El Espanyol, atrapado en su peor arranque de año: analizamos la crisis de resultados y las dudas estructurales

Analizamos el mal arranque de año del equipo perico y sus posibles consecuencias al final de la temporada
Afición del Espanyol

El inicio de 2026 está siendo especialmente oscuro para el RCD Espanyol, que aún no conoce la victoria en lo que va de año en competición liguera. Un dato contundente que no solo refleja una mala racha puntual, sino que empieza a dibujar un escenario preocupante para un club que aspiraba, como mínimo, a transitar la temporada con estabilidad.

Aunque gracias a la gran primera vuelta del equipo perico en Liga, les ha dejado un gran margen de error para no tener muchas preocupaciones respecto a la zona baja de la tabla ya que siguen en puestos europeos pero ahora con una distancia mínima de puntos respecto a los equipos que le siguen en la tabla.

El problema no es tanto dónde está el Espanyol, sino hacia dónde apunta la tendencia. Las últimas jornadas han dejado un balance pobre en puntos, con partidos en los que el equipo ha competido, pero sin la contundencia necesaria para cerrar encuentros. Empates que saben a poco y derrotas ajustadas han ido erosionando una ventaja que se había construido con esfuerzo en la primera parte del curso.

La consecuencia es clara: la zona media-baja se ha comprimido y una mala racha prolongada podría provocar una caída rápida de puestos. En una Liga tan igualada, el colchón actual puede desaparecer en cuestión de semanas.

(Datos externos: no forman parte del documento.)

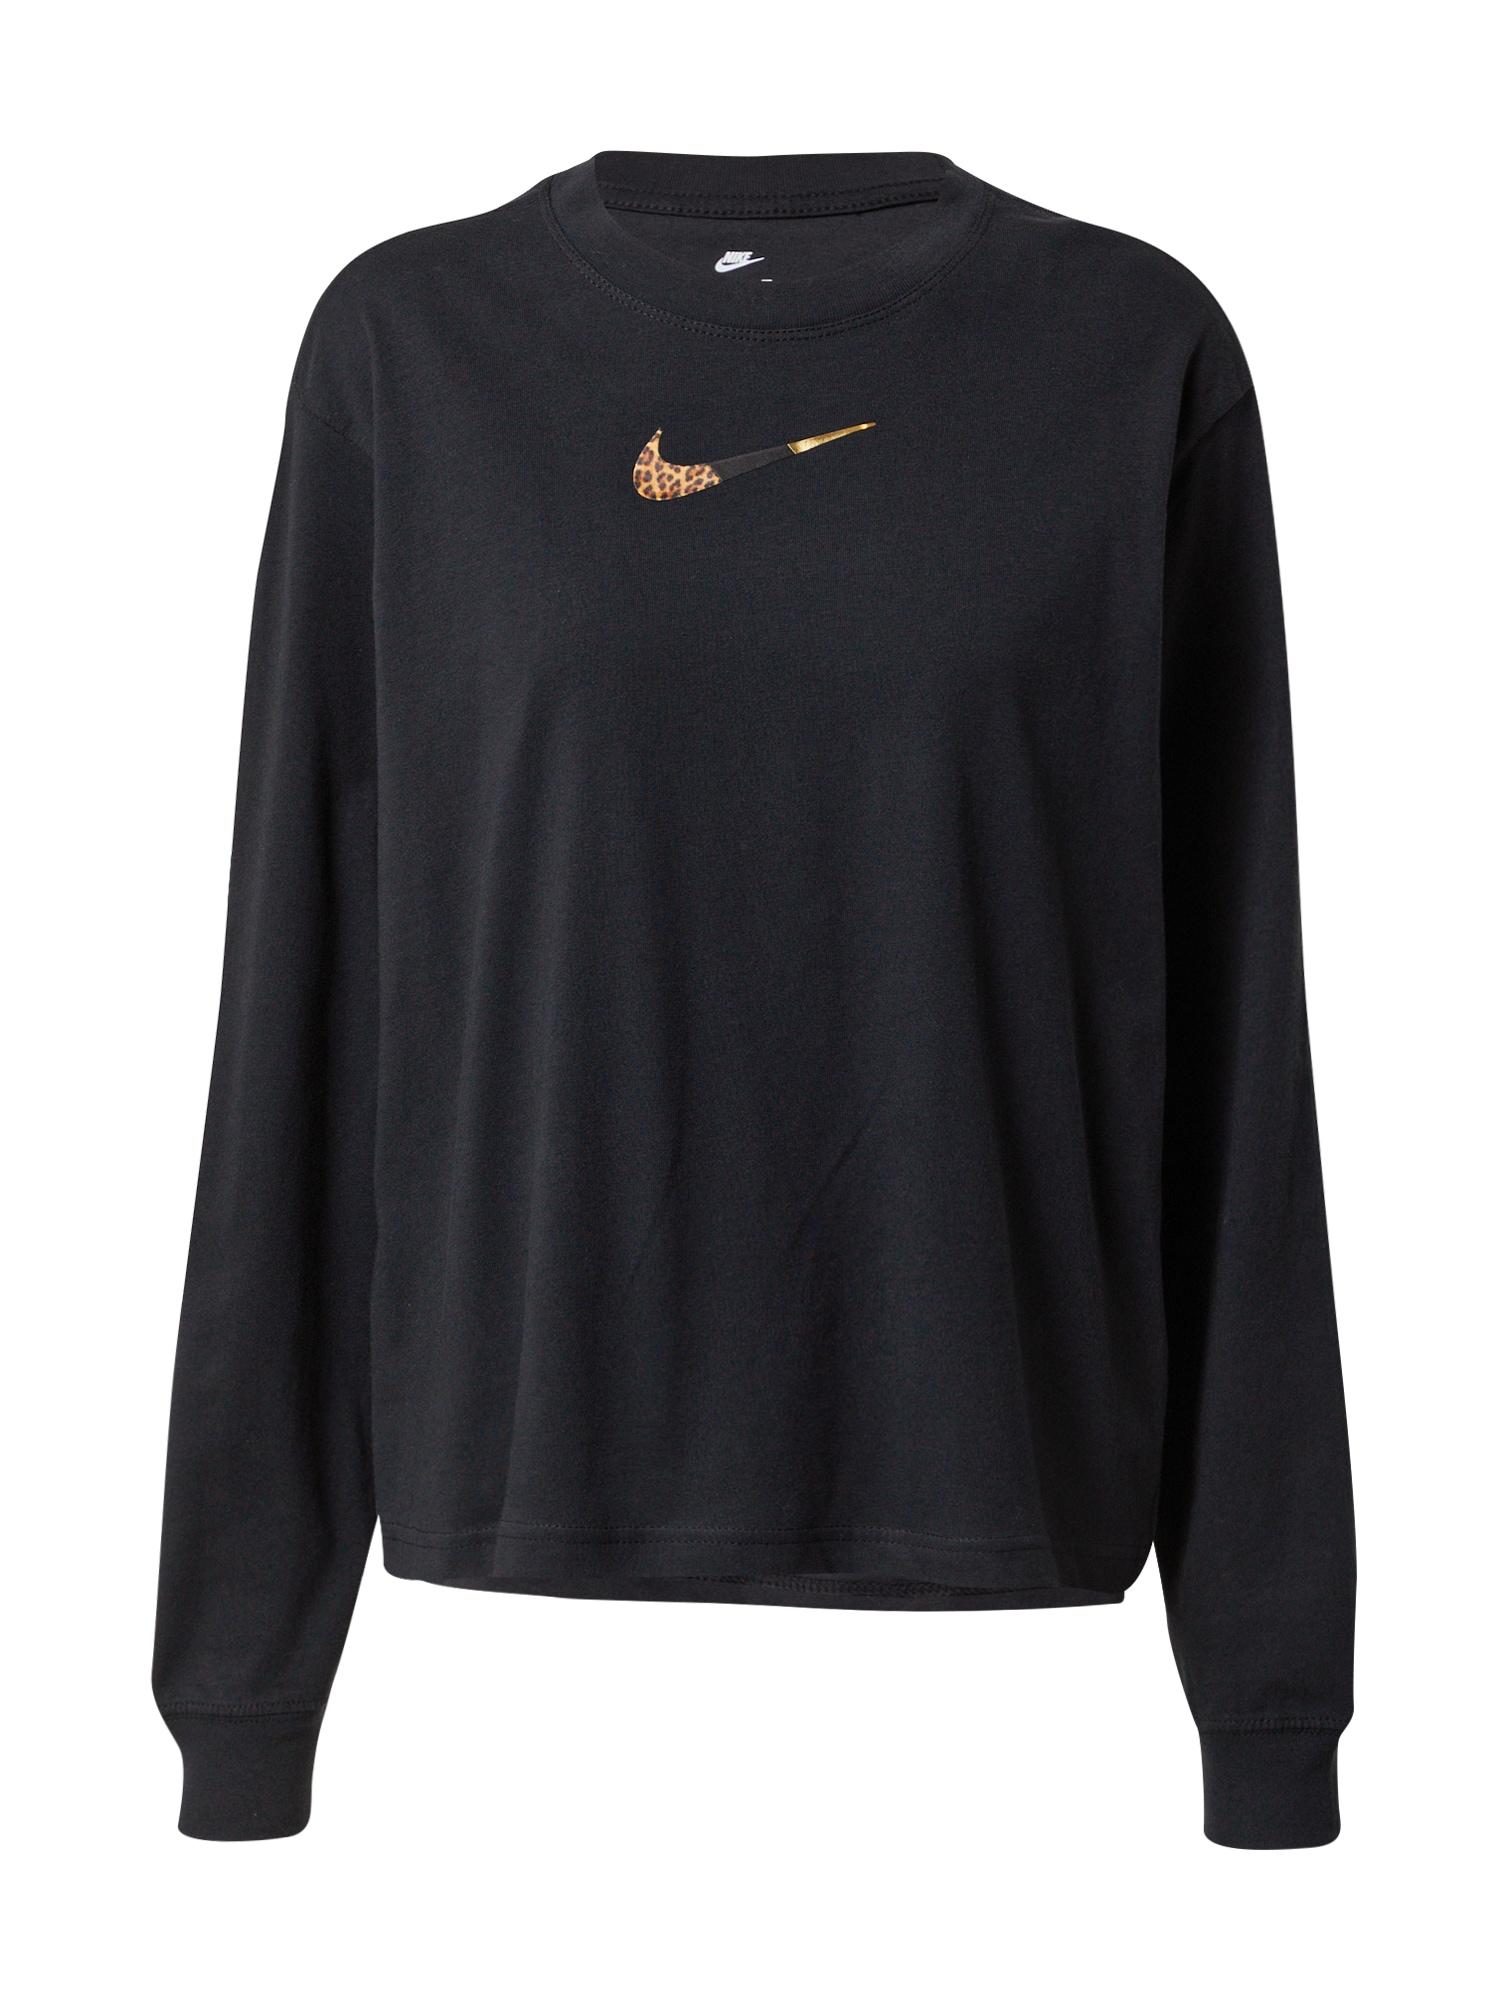 Nike Sportswear Tričko  čierna / zlatá / hnedá

Otro de los factores que explican esta irregularidad es el proceso de adaptación de los nuevos jugadores incorporados. Varias caras nuevas sin experiencia en la Liga han llegado al equipo, aportando potencial pero también cierta falta de automatismos. La conexión entre líneas todavía no es fluida y, en algunos tramos de partido, se nota la ausencia de mecanismos colectivos bien consolidados.

El equipo ha perdido continuidad en su juego: hay fases aceptables, incluso buenas, pero sin regularidad durante los noventa minutos. Esa intermitencia es la que impide transformar buenas sensaciones puntuales en resultados sólidos.

La enfermería tampoco está ayudando. La ausencia de jugadores importantes ha tenido un impacto directo en el rendimiento ofensivo. Especialmente sensible es el caso de Javi Puado, cuya lesión ha privado al equipo de uno de sus referentes en ataque, tanto por gol como por liderazgo y energía en la presión alta.

Sin Puado, el Espanyol ha perdido profundidad, desequilibrio y capacidad para castigar errores rivales. Su baja ha obligado a reajustes que no siempre han dado el resultado esperado.

En el vestuario y el cuerpo técnico se insiste en la calma: la clasificación aún es buena y el margen existe. Sin embargo, la preocupación empieza a ser legítima. No por una situación crítica inmediata, sino por la sensación de que, si no se corrigen ciertos detalles —efectividad ofensiva, solidez defensiva y continuidad en el juego—, el equipo puede verse arrastrado a una dinámica peligrosa.

Las próximas jornadas serán determinantes. Recuperar efectivos, integrar definitivamente a los nuevos fichajes y volver a sumar de tres en tres se antoja fundamental para evitar que esta inquietud se convierta en un problema mayor.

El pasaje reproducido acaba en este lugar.